Raw materials and capital goods such as machinery will be traded within the region without tariffs while intermediate products will be taxed at 10 per cent and finished goods at 25 per cent.

The launch of the Customs Union, which was delayed twice because of Zimbabwe’s political turmoil, and to allow for more time for negotiations on the harmonisation of tariffs, was a major economic victory for a region that is home to some of Africa’s worst conflicts.

But analysts warn the Customs Union and the new development initiatives were off to a bad start in the hands of Zimbabwean strongman President Robert Mugabe who took over as chairman of the bloc from Kenya’s President Mwai Kibaki.

They fear that for the next 12 months, Comesa could be turned into a dictators’ club with Mugabe at the helm.

The 85-year old leader, whose country is emerging from a decade of international isolation, did little to allay the fears when he invited Bashir, who defied an International Criminal Court arrest warrant for alleged crimes against humanity to seek the solidarity of his peers.

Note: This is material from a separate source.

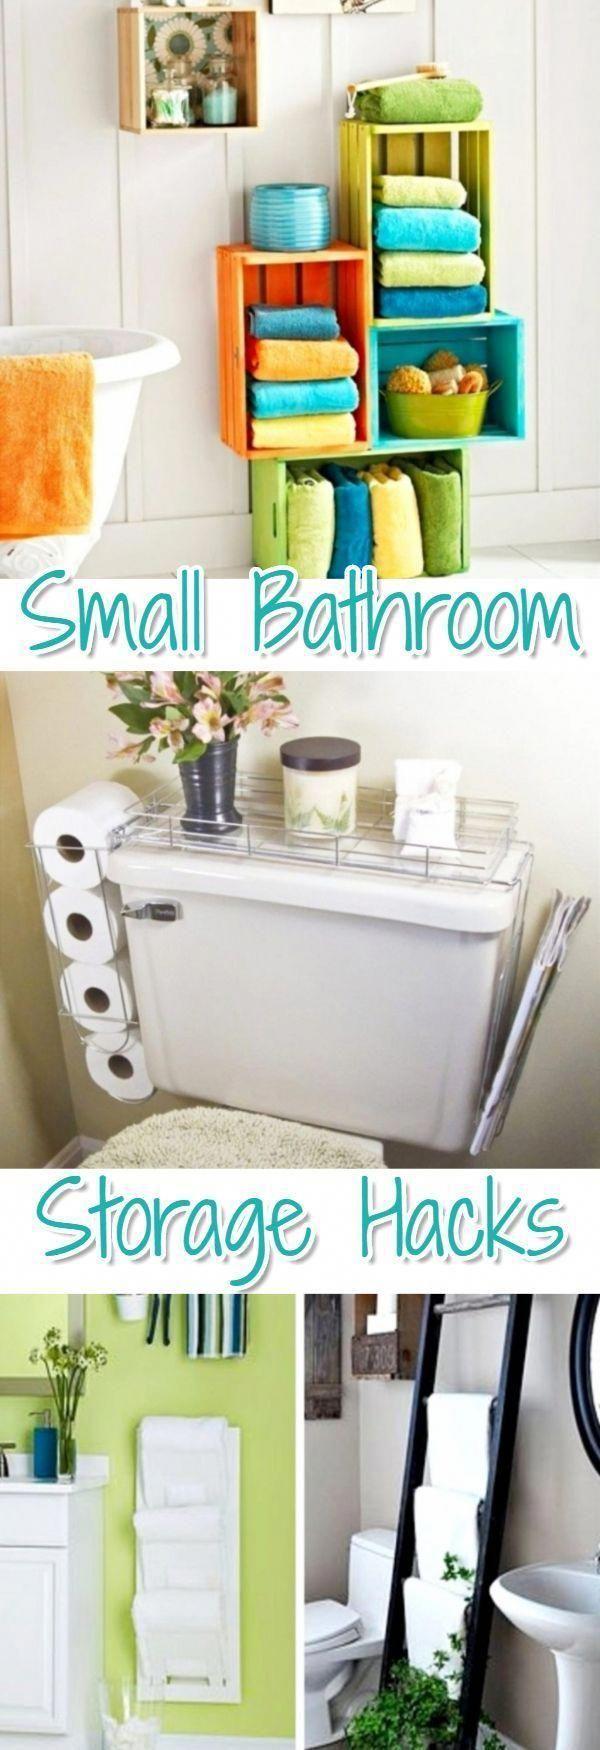 Small Bathroom Storage Solutions Storage Ideas For Small Bedrooms Great Small Bathroom Storage Solutions Small Bathroom Storage Bathroom Storage Solutions

The last time Mugabe was in charge of a major regional bloc — a political organ of the Southern African Development Community — nearly 10 years ago, he dragged almost half of Comesa member states into a bloody DRC conflict.

“If you look at the communique, you will realise that the discussions focused on politics rather than trade,” said Enock Matshazi, an investment analyst.

The bloc has been working on having a Customs Union as a follow up to a Free Trade Area launched in 2000.

But only 14 countries have been participating in the FTA, which has seen intraregional trade levels growing from $3 million at the time of the launch to over $9 million at the end of last year.

This trade is mainly in goods produced in FTA participating countries and does not attract duty among members who are signed up.

A Zimbabwean economist, Andr-ew Chirewo, said the bloc appeared unready for the Customs Union given that some countries including Ethiopia, DRC, Seychelles, Swaziland and Uganda were yet to confirm membership since they were not participating in the FTA.

Moreover, intra-Comesa trade has generally been very low, averaging just five per cent of that in 2007, he told Zimbabwe’s Independent newspaper.

Comesa is also eyeing a common currency but economists caution that it should only be introduced when intra-member economic disparities have been minimised.

Most of the countries have lifted visa restrictions on travel within the bloc, which analysts say points to a commitment to achieve regional integration.

Comesa consists of Burundi, the Comoros, the Democratic Republic of Congo, Djibouti, Egypt, Eritrea, Ethopia, Kenya, Libya, Madagascar, Malawi, Mauritius, Rwanda, Seychelles, Sudan, Swaziland, Uganda, Zambia and Zimbabwe.

The region is home to 400 million people, with a combined gross domestic product of $360 billion — making it Africa’s biggest trading bloc.